By Eleanor Bloxham, contributor
Informal polls of corporate board directors find that about 5% view the proxy as a marketing tool for the board and the company. But that may be changing.
As proxy season gets underway, some early, behind the scenes discussions between shareholders and companies are exhibiting a welcome break from the past: a new tone of respect.
Tim Smith, Director of ESG Shareowner Engagement at Walden Asset Management, says the new requirement for say on pay — giving shareholders a voting voice on executive compensation — is a big part of the reason for the changes he is seeing: “Say on pay is stimulating more dialogue,” he says.
Managers and directors don’t want the headache of no votes on executive pay packages — and they don’t want unhappy shareholders.

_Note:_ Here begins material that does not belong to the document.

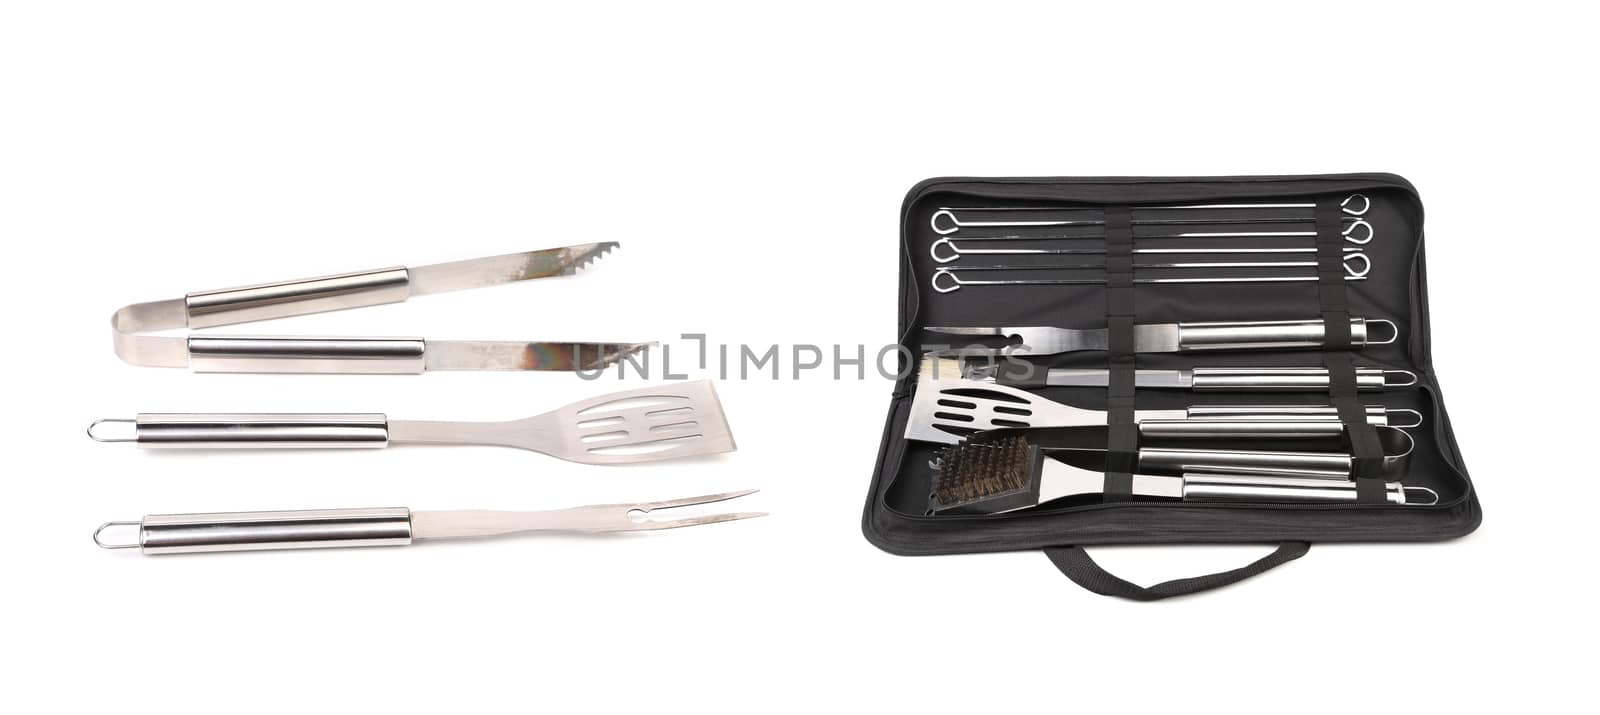 Set of tools for bbq in black bag. Isolated on a white background.

This is a welcome change from the past, when corporations almost always viewed shareholders with opinions as either annoyances or downright enemies. A slammed door and a “not-invented-here” policy were de rigueur corporate responses to shareholder proposals.
But two companies early on in this proxy season plan to take a different tact. They may not agree with shareholders, but they aren’t going to be so quick to judge.
One is Gentex
, where the board has decided not to oppose a shareholder proposal for majority voting, which requires that a director receive at least a majority of the votes to be elected. Instead of objecting, the board at Gentex plans to have no recommendation on the way shareholders vote, according to a letter sent to shareholders that Fortune obtained. Instead, the company will present views on the pros and cons of the proposal and leave it to the shareholders to decide.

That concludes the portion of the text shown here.